Where is a good place to buy a Leatherman TSA KnifeLess Fuse !!!!

I've been waiting for something like this !!!!!

frisco





JNewell said:


> Welcome - you will get 8 million opinions...here are mine.
> 
> On the bod, I'd pick a Squirt P4. I have done some pretty amazing repairs with the pliers on this, and it is very compact and weighs very little.
> 
> ...


----------



## carrot (Jan 4, 2007)

*Re: Help me choose which Leatherman to buy, please!*

Moontrail.com claims to be a retailer stocking the full Leatherman line but apparently they do not yet have the Knifeless Fuse listed yet. Odd, as they apparently *had* the rare all-black Leatherman tools...?


----------



## Stingray (Jan 4, 2007)

*Re: Help me choose which Leatherman to buy, please!*

I like the Victorinox Midnite manager for a small keychain sized tool because it also has a light and a retractable pen in it.
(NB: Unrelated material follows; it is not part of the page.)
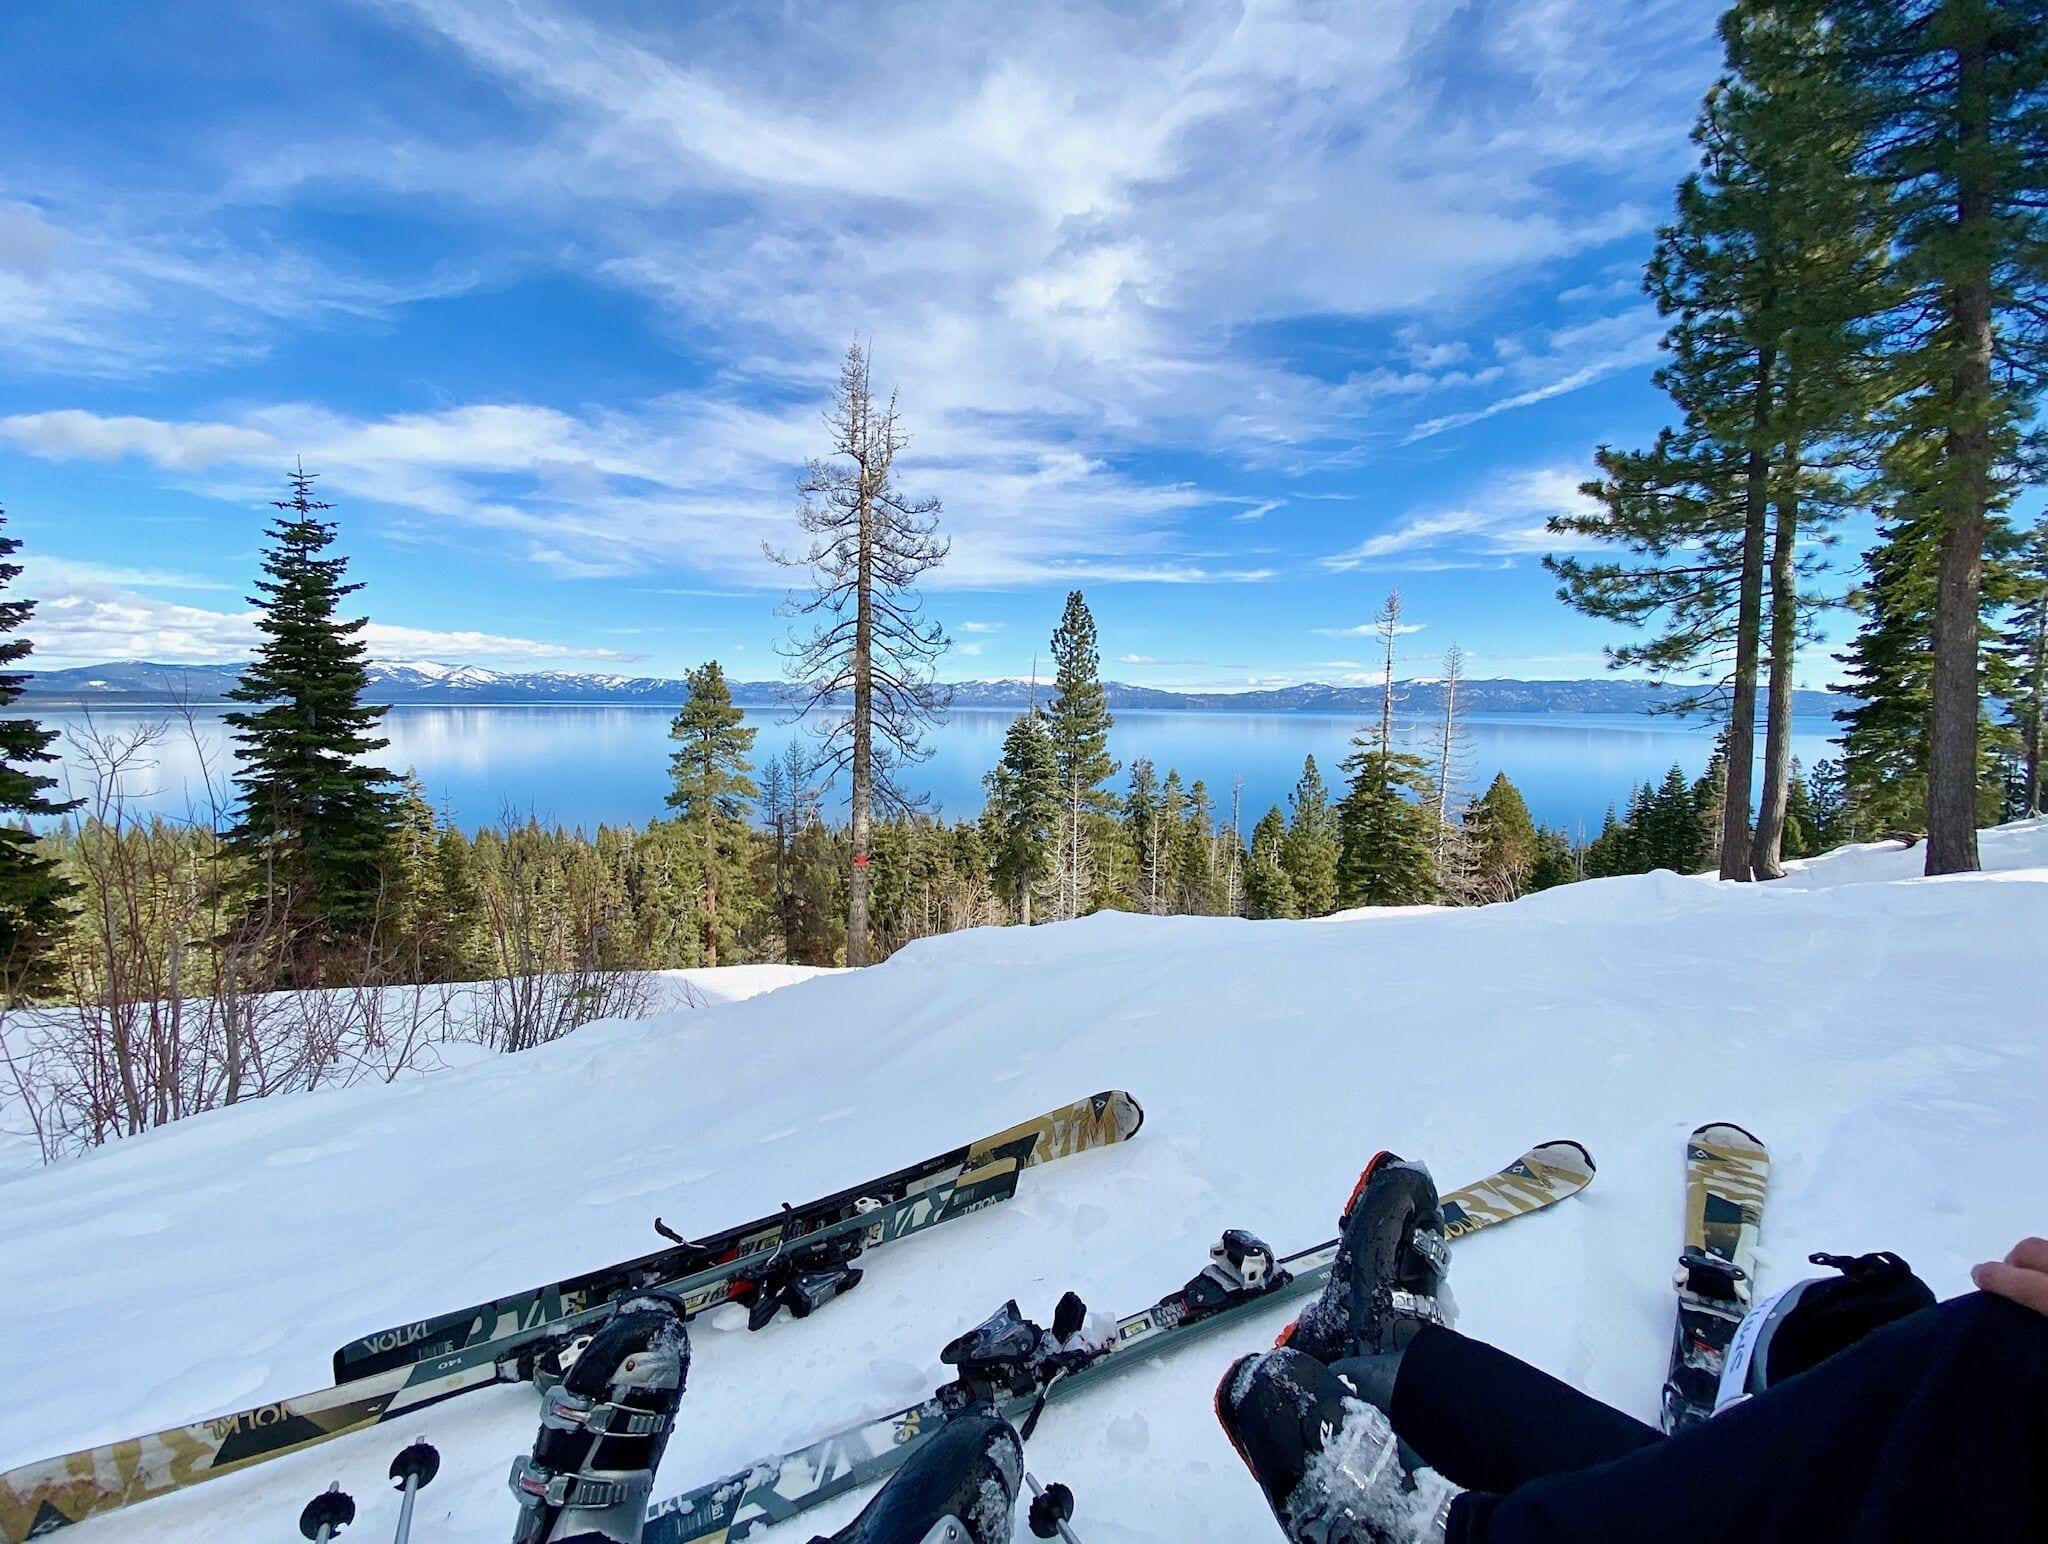 Lake Tahoe Ski Resort

http://www.swissknivesexpress.com/midmaniisap5.html








I also have a Wave and a few different pocket knives I switch around for EDC. I like my Spyderco Police model and although it's big, it's thin and carries easily clipped in a pocket or waistband.


----------



## dental4usa (Jan 4, 2007)

*Re: Help me choose which Leatherman to buy, please!*

Very nice, Stingray.

More cool knives to check out!!


----------



## Coop (Jan 4, 2007)

*Re: Help me choose which Leatherman to buy, please!*

I have a leatherman Micra on my keychain too. Great little tool. Usually carry a Leatherman Charge Ti on my belt. I really like it because all the tools lock, blades are accessible from the outside, has exchangeable bits and feels nice to hold. 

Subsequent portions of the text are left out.